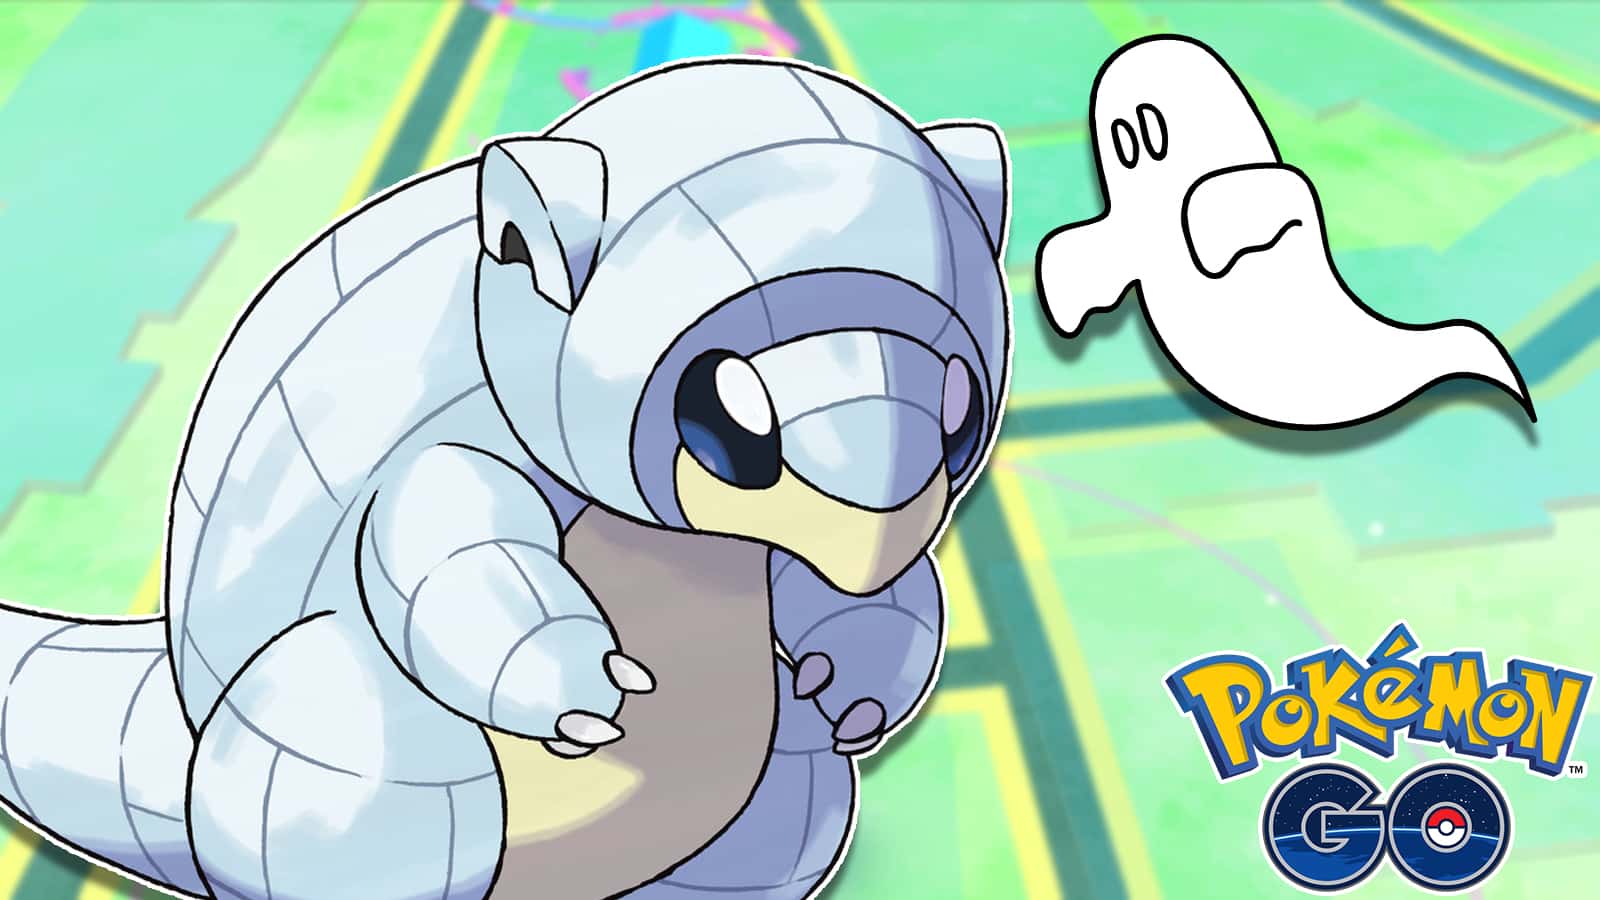 Spooky Pokemon Go glitch is turning Pokemon into ghosts
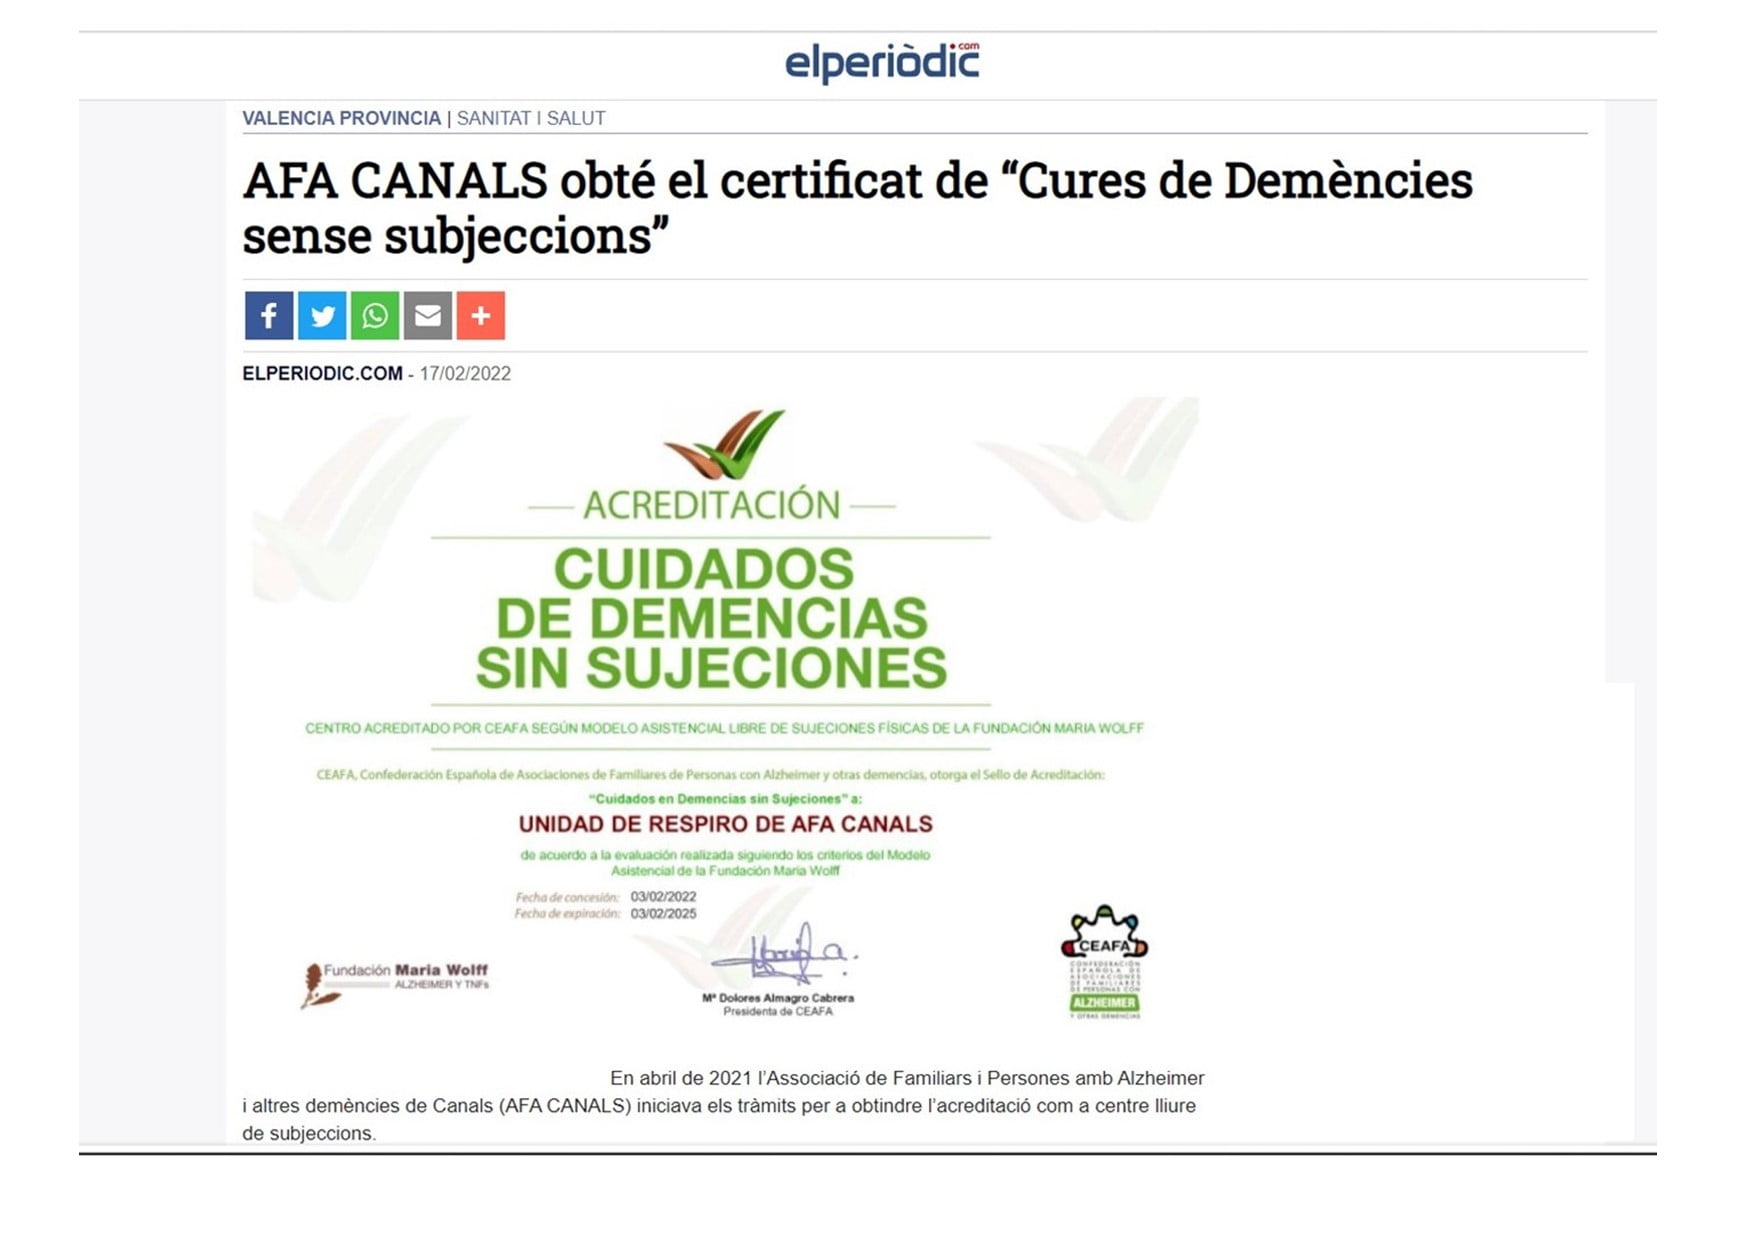 La prensa local valenciana se hace eco de la acreditación de AFA Canals como Centro Libre de Sujeciones según modelo FMW
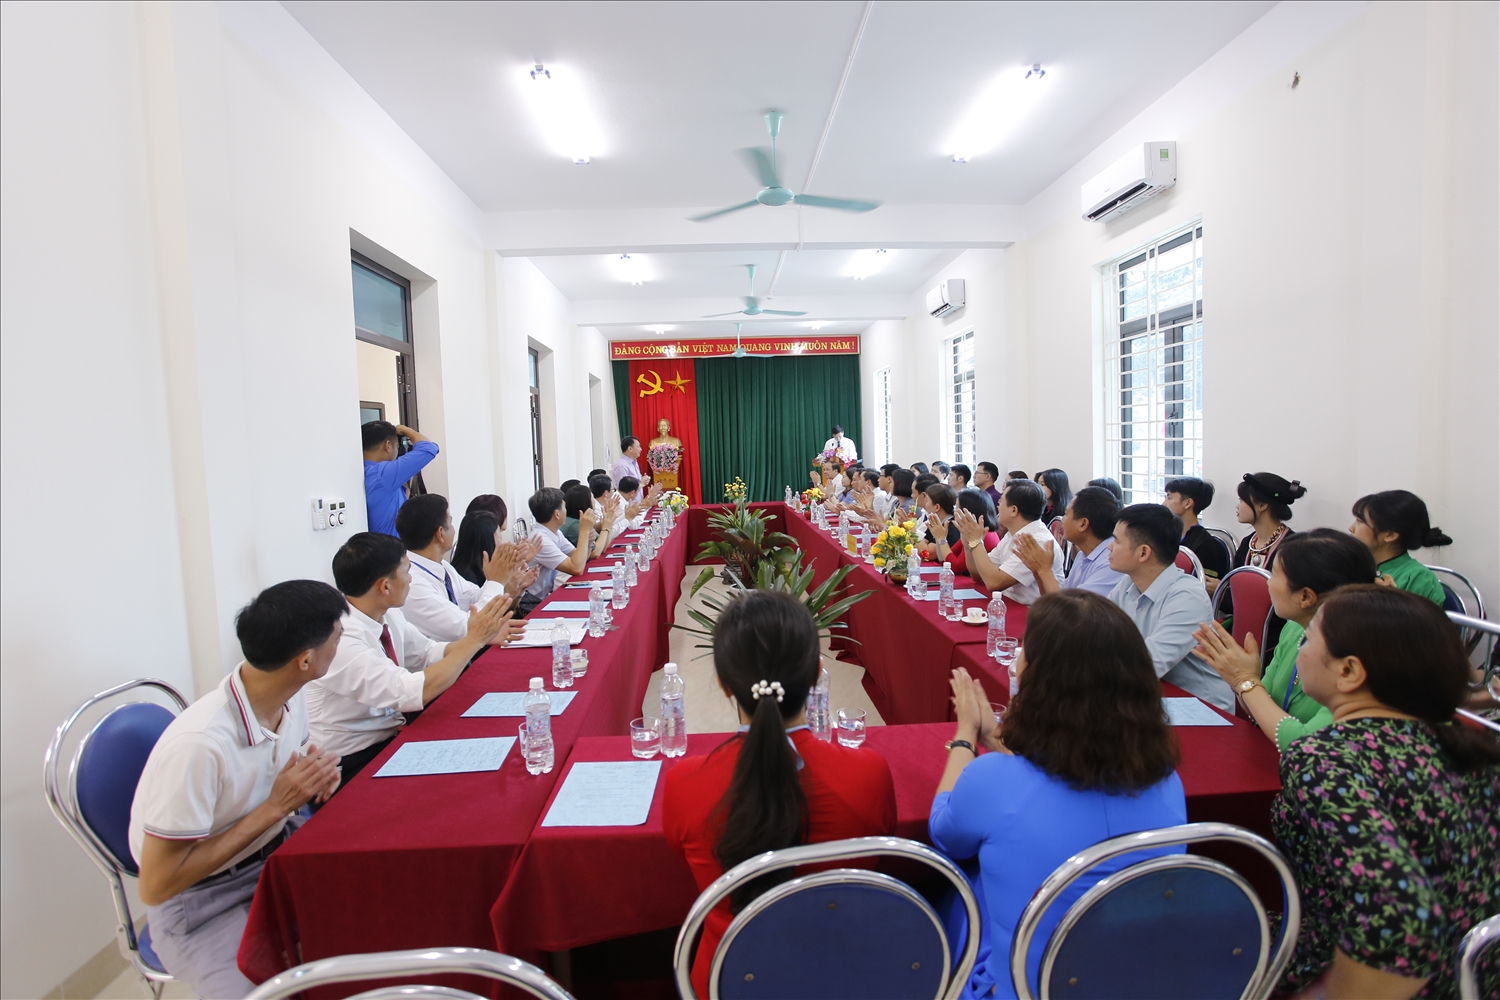 Quang cảnh buổi làm việc của đoàn công tác tại trường THPT Văn Chấn - Yên Bái

YOUR INSTRUCTIONS
Restate the listing word for word, pictures excluded.

WRITTEN ANSWER
 Spooky Pokemon Go glitch is turning Pokemon into ghosts
 La prensa local valenciana se hace eco de la acreditación de AFA Canals como Centro Libre de Sujeciones según modelo FMW
 Quang cảnh buổi làm việc của đoàn công tác tại trường THPT Văn Chấn - Yên Bái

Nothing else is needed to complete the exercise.